Besides N. tazetta cv. Grand soleil d’or, the other two extracts which inhibited weed germination, but according to the LC-MS analysis did not contain any narciclasine, were H. cybister cv. Chico and A. belladonna. To identify the active compounds in these extracts we applied bio-guided fractionation. To obtain sufficient material for extraction we chose A. belladonna which has a relatively big bulb size. The original methanol extract was separated into four fractions by liquid-liquid partioning with water, hexane, chloroform and butanol. Only the water and butanol fractions provided sufficient volumes to conduct germination inhibition bioassays. All fractions significantly inhibited coleoptile and radicle growth of S. vulgaris at 0.1 mg/mL, while no activity was observed at 0.01 mg/mL (Figure 3). The butanol fraction at 0.1 mg/mL was most active resulting in 77% inhibition of the coleoptile growth (F = 39.503, df = 2, p ≤ 0.000) compared to the control and almost inhibited radicle growth completely (F = 68.128, df = 2, p ≤ 0.000). We, therefore, partitioned the butanol fraction further into nine different fractions using a Sephadex LH-20 chromatography column.

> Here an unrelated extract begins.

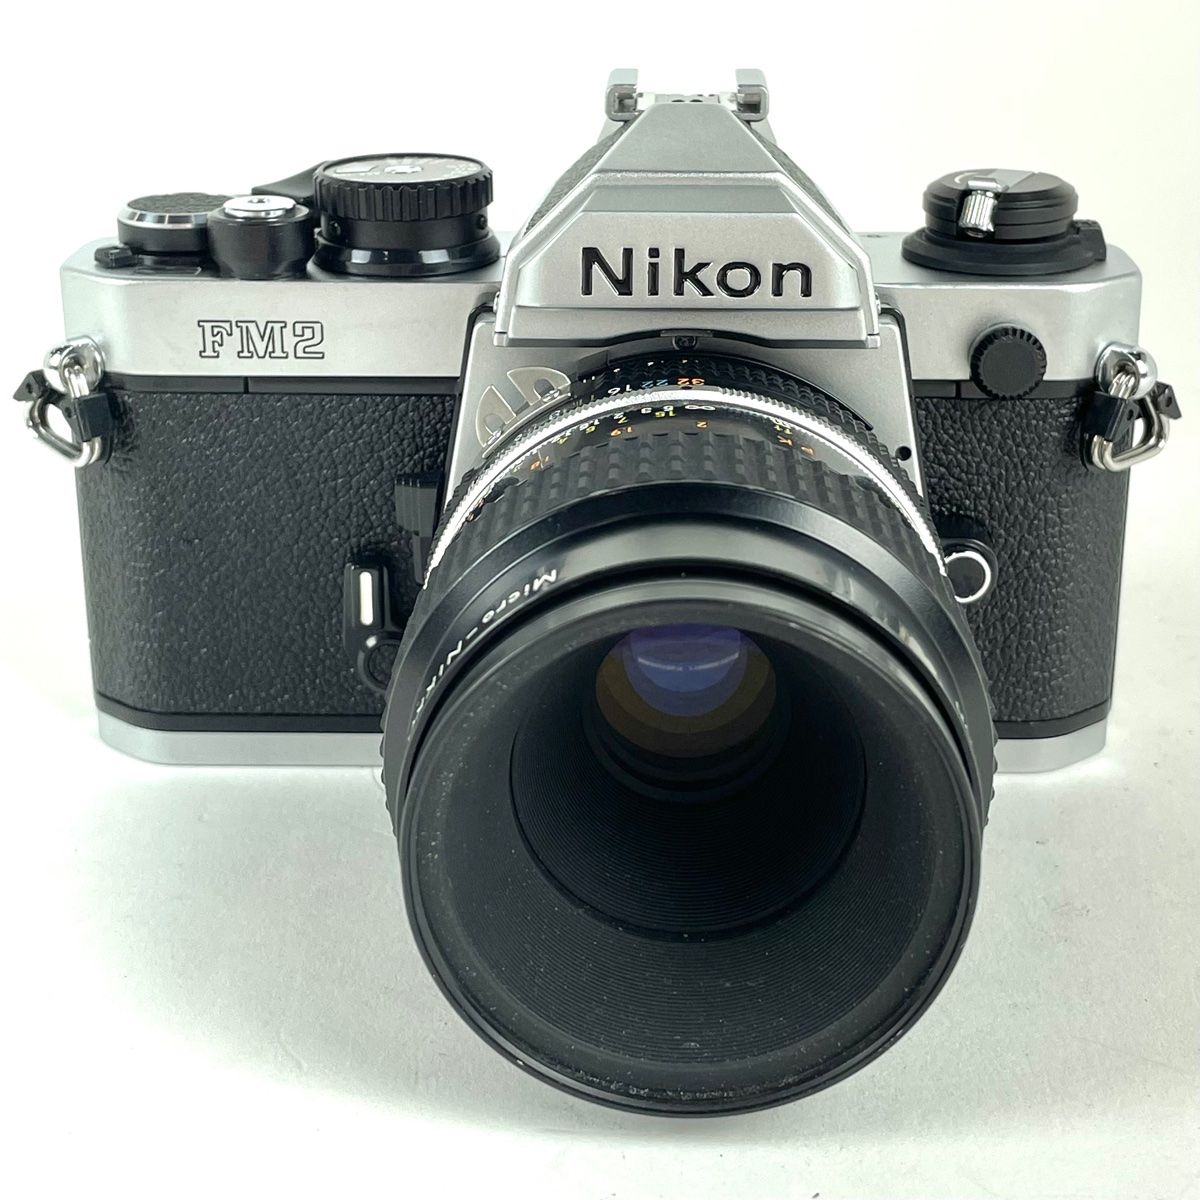 ニコン Nikon NEW FM2 シルバー + Ai-S MICRO NIKKOR 55mm F2.8 マクロ

These fractions were subsequently tested in the germination inhibition assay at concentrations of 0.1 and 0.01 mg/mL. Fractions 3, 4, 5 and 8 showed a significant inhibition of coleoptile growth (F = 276.666, df = 9, p ≤ 0.000), while fractions 1, 2, 3, 4, 5, 6 and 8 significantly inhibited radicle growth (F = 299.146, df = 9, p ≤ 0.000, Figure 4). Inhibition of coleoptile and radicle growth, with almost complete radicle inhibition, was strongest in fractions 4, 5 and 6. Subsequently, these three fractions were subjected to HPLC and LC-MS analysis for identification of the active compounds. Based on UV spectra [λmax = 292, 236 (sh), 206 nm], mass spectra [MS: m/z 288 (M+)] and comparison with a standard, the active compound was identified as lycorine. Quantification of lycorine showed that N. sarniensis and A. belladonna contained relatively high amounts of lycorine, comprising 6.67 mg/kg and 8.45 mg/kg of the bulbs dry weight, respectively (Table 3). Furthermore, all Narcissus sp., except N. pseudonarcissus, as well as C. asiaticum contained lycorine. To confirm that lycorine is a germination inhibitor of S. vulgaris we conducted an inhibition bioassay with lycorine using 5 concentrations in the range of 0.3 to 200 µM. The concentration at which 50% of the seedling coleoptile growth was inhibited (IC50) was 1.17 ± 0.192 µM and that of the radicle growth 0.93 ± 0.183 µM. (Figure 2). Complete inhibition of radicles was obtained at a concentration of 30 µM of lycorine. In all those flower bulb species containing lycorine the concentration of lycorine was much higher than 30 µM. Particularly bulbs of A. belladonna containing 23.21 µM and N. sarniensis containing 29.43 µM were rich in lycorine and thus form a promising natural source for this compound. Lycorine is a much more potent growth inhibitor compared to chlorpropham with an IC50 of the coleoptile of 0.20 mM and of radicle growth of 0.11 mM.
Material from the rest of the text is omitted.